Cette existence et mon enfance, tout au moins ma prime enfance, se terminèrent un soir après que David et moi, fatigués de lutter et de nous disputer en silence, avions fini par nous endormir. Quelqu’un me secouait par les épaules en appelant mon nom, et ce n’était pas Mr Million mais un des domestiques, un petit homme au dos voûté portant une veste rouge élimée. « Il veut te voir », m’informa-t-il. « Lève-toi. »
J’obéis, et il vit que je portais des vêtements de nuit. Cela, je crois, n’avait pas été prévu dans ses instructions, et pendant un instant au cours duquel je restai devant lui à bâiller, il dut se livrer à un débat intérieur. « Habille-toi », dit-il enfin. « Coiffe-toi. »

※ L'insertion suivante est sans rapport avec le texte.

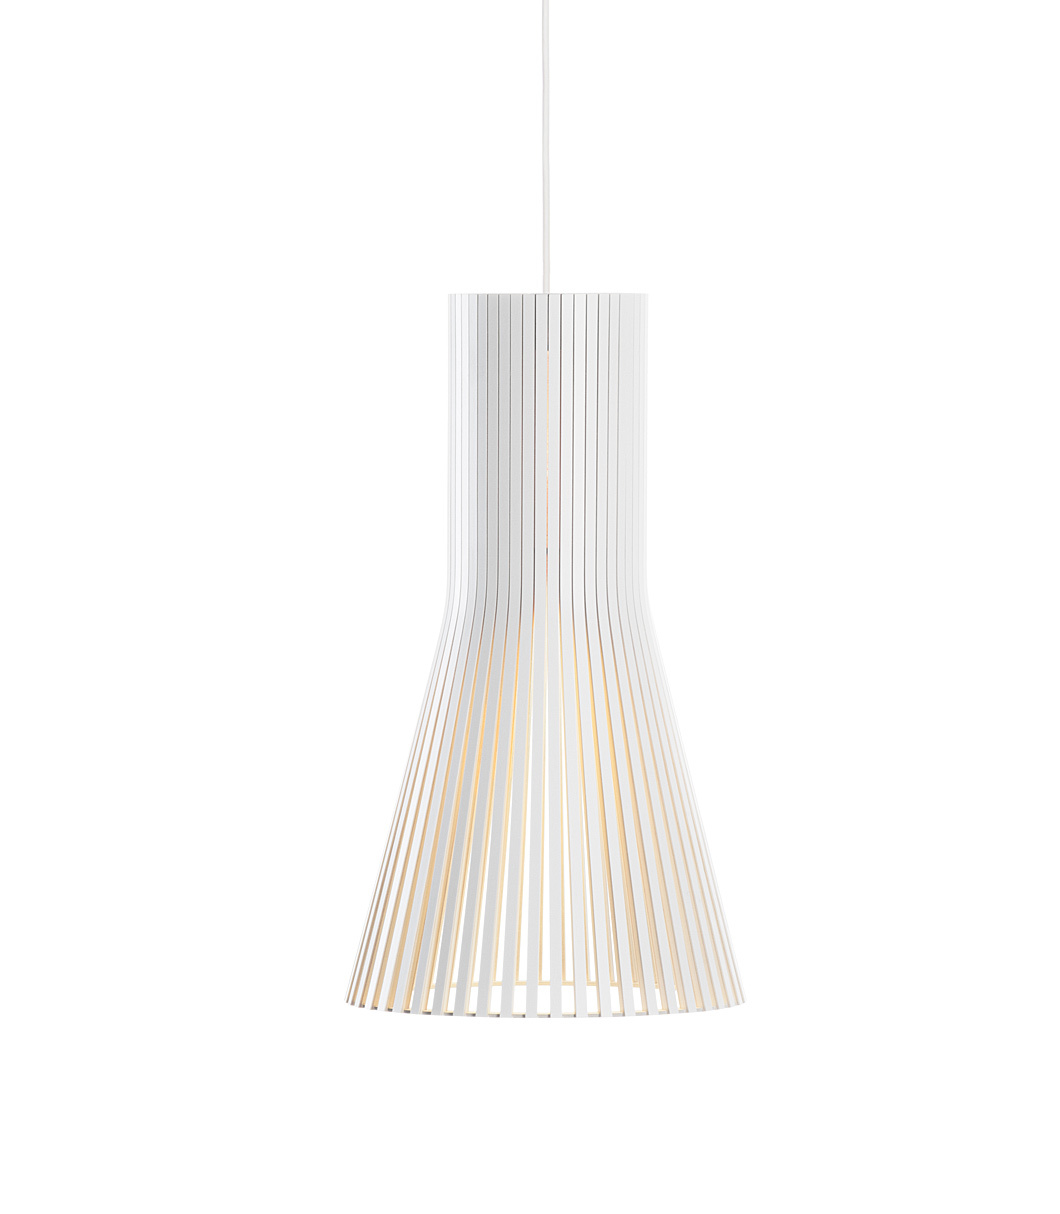 Secto Small 4201 pendant lamp is available in white laminated

Je fis ce qu’il me demandait. Je remis le pantalon de velours noir que j’avais porté la veille mais (guidé par un quelconque instinct) je pris une chemise propre. La pièce où il me conduisit alors (par des corridors tortueux vides maintenant des derniers clients, et d’autres, sentant le moisi et les crottes de rats, où les clients n’étaient jamais admis) était la bibliothèque de mon père, celle qui avait la grande porte sculptée devant laquelle j’avais reçu les confidences chuchotées de la dame en rose. Je n’y étais jamais entré, mais quand mon guide frappa quelques coups discrets sur la porte elle pivota vers l’intérieur et je me trouvai dans la bibliothèque avant de m’être rendu compte de ce qui s’était passé.